Interview

Public Service Broadcasting are making post-rock with old propaganda films

The evolution will be televised

Attempting to “teach the lessons of the past through the music of the future” is a bold mission statement, but it’s one that Public Service Broadcasting are equipped to deliver.

Based on a commitment to digging through BFI and propaganda archives, the elegantly monikered J. Willgoose, Esq. is a sample snaffler of the highest order, marrying the transcendent builds of electronica and post rock with the stiff upper-lipped nostalgia of wartime Britain.

Each track is a mini-masterpiece of craft and consideration; a triumph of crate-digging and archive footage given a new, powerful lease of life. A combination of spontaneous inspiration and careful planning, Public Service Broadcasting is a testament to the virtues of patience.

“Each song takes a while,” J begins. “There’s a fair bit of watching old films, a fair bit of contacting the people and getting the rights, and of course some people are more accommodating than others. Then you’ve got to write the flipping song. I couldn’t put a time on it in exact hours but a few months per track. The whole of the ‘War Room EP’ [released May of this year and featuring tracks as emotively titled as ‘Dig For Victory’, ‘Waltz For George’ and, simply, ‘Spitfire’] started in October and finished at the end of March so, that was a stretch – five songs, five months.

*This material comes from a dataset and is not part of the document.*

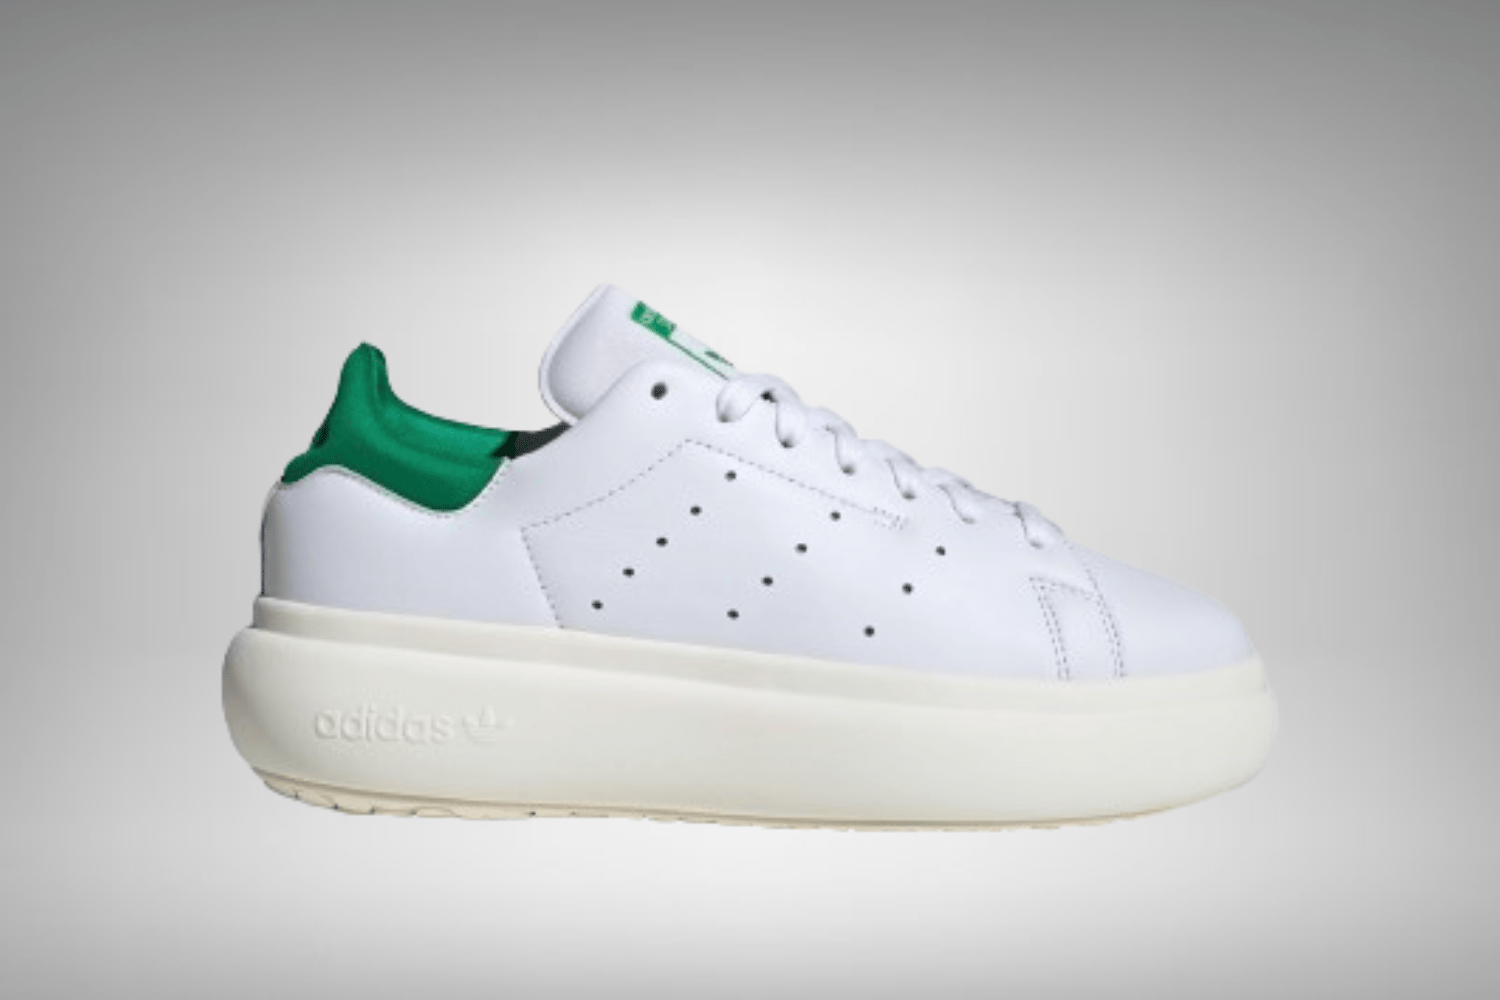 The adidas Stan Smith receives a platform variant

It can be done a lot quicker but it’s better to take your time over it.

“I’ve been doing it for three years now,” J continues, “but the first time it happened, I was listening to Radio 4 and Tom Robinson was interviewing someone from the national archives and they said they’d just published a lot of stuff from the 40s, 50s and 60s online. I went and had a listen, then in a very rudimentary, DJ Shadow-esque kind of way, put something together and played it to my friends. Contrary to everything else I’d ever played them, they said it was really good,” he laughs.

It’s a process that hinges on a dedicated tunnel vision to single tracks, as opposed to churning through and refining a voluminous amount of content. It’s an intense process for J to perfect.

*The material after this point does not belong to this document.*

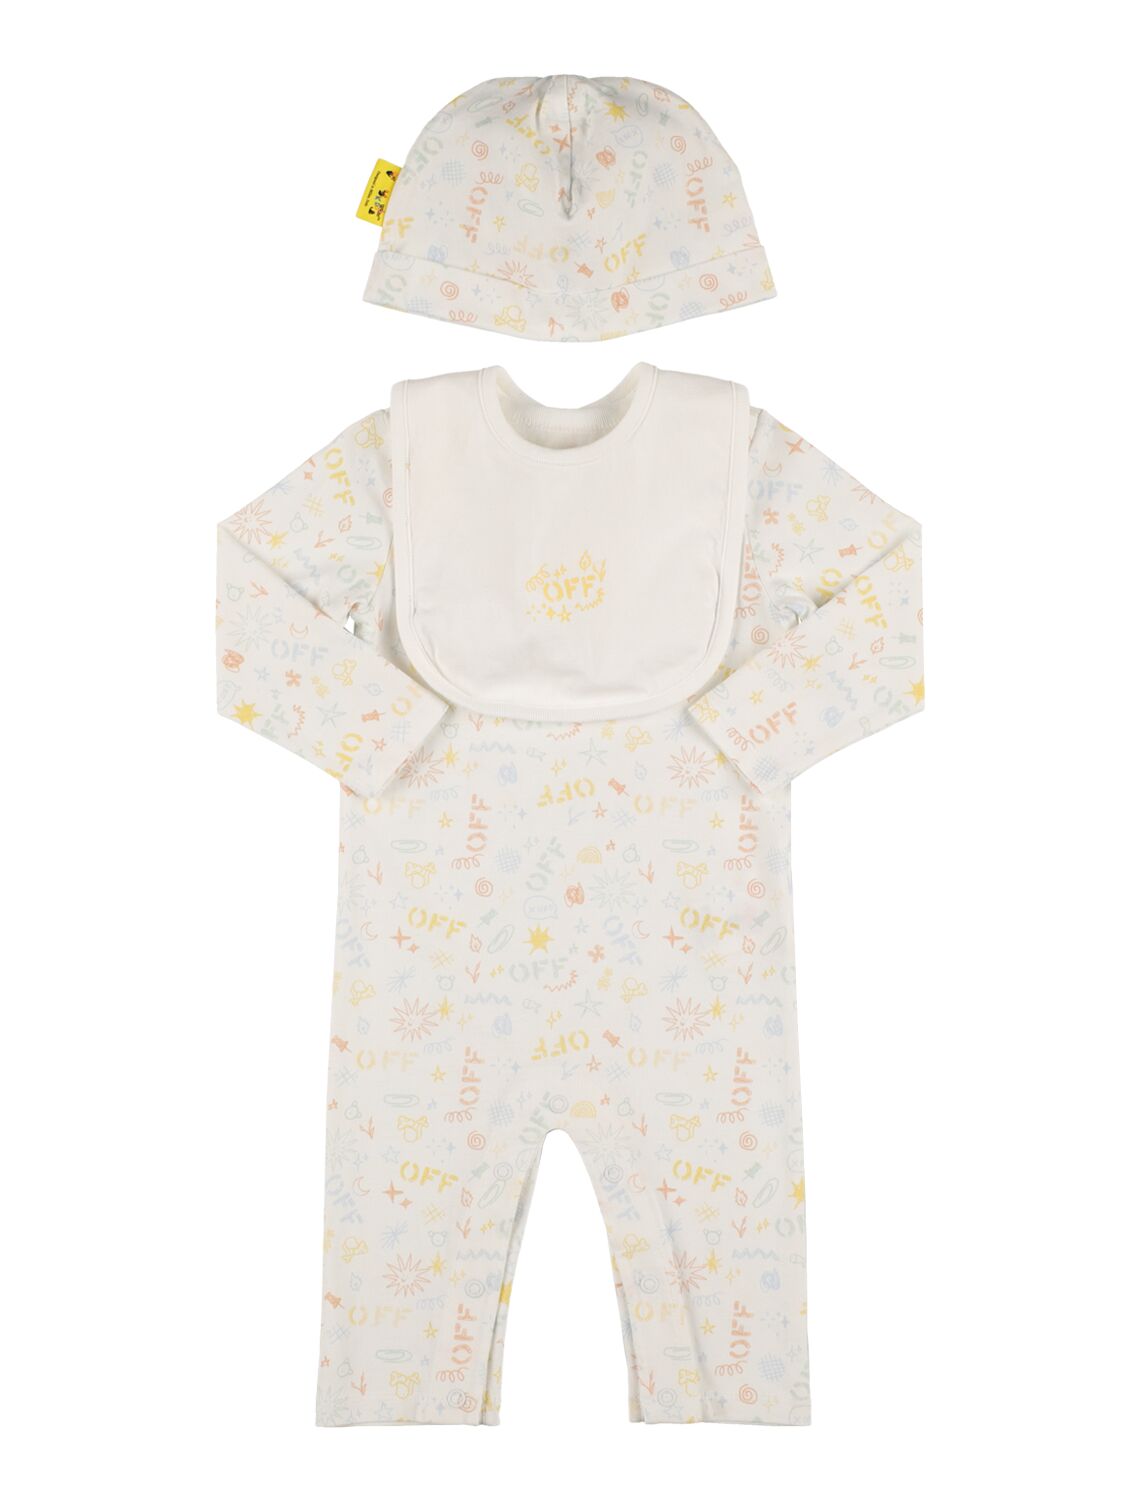 Off-white Babies' Doodle Cotton Romper, Bib & Hat In White

“I only ever work on one thing at a time,” he says. “That isn’t to say everything I start I finish, but it’s not like I can churn out 60 tracks and whittle them down. I definitely need four/five hour chunks of time so that if something hits me I can run with it. Often it’s three or four hours of banging your head against a wall when you’re trying to work out where a song’s going but sometimes it just makes sense. It’s just working hard to get what’s in your head out there.”

As with any instrumentally based act (there are vocals, but they come, facelessly from the archives), the transition from record to live performance is always a challenging one. It meant bringing in drummer Wigglesworth and evolving the show to rely on electronic backing as little as possible. For such a meticulous production process on record, it means that J puts particular emphasis on making the Public Broadcasting Service as much of a live event as possible. “And I’ve got better at it and better at writing things a certain way,” he says, “so things can be built up naturally live, and not rely on backing tracks. One thing I didn’t want to do was play live and be one of those people that just presses buttons. It’s all really clever but it makes it harder for people to engage with what you’re doing and I think it just creates a barrier between you and the audience. It’s finding a balance between giving the performance a live feel and also not making it prohibitively clever. Technically, it’s a bit of a challenge but it keeps it interesting.”

J “works on the principle that everything should be able to go horribly wrong.”

“Not something like your laptop catching fire,” he hastens to add, “more that you should be able to play a wrong note or if you reach a point where you miss a riff or a loop, the song is screwed. There has to be that risk of you falling flat on your face.”

After releasing ‘The War Room’ EP, J is already planning ahead. Both live and on record, evolution is the prominent driving force and a healthy fear of predictability, not failure, continues to ensure that Public Service Broadcasting will continue to push on. But for all the sepia-tinged sentimentality, the corduroy and elbow patches, and the 1960s TV sets, it’s evident that there’s a determined, futurist focus at work.

J explains: “I don’t want to come across as pretentious and unable to laugh at ourselves because I started this all with the intention of not making it about me, and pouring my heart and soul into it, although that invariably happens.

“Three years ago it was just me, playing live and there was no video. Then Wigglesworth came on-board and started playing drums, I started using video on an old TV set and now we’ve got projectors. It’s become much more audio visual.”

When J goes to see shows himself, he’s usually the guy looking the opposite way to everyone else. “I watch to see what people enjoy,” he says, “and then, in a moment of madness, I signed up for a week at the Edinburgh Fringe Festival and had to challenge myself to make the show much more entertaining. It wasn’t necessarily a cynical move; it was about making it fun for people to watch and leaving a room of happy people.

“I know what the next EP is and even the next two after that,” he says. “The first album is basically written. A few things will need reworking but I want it to be a statement of what I can do. I don’t want to become pigeonholed so the challenge is always to develop and think of something new. But there hasn’t been an album yet so if I really need to change something, I’ll do it for the album and make sure it’s right. I don’t want to fuck it up.”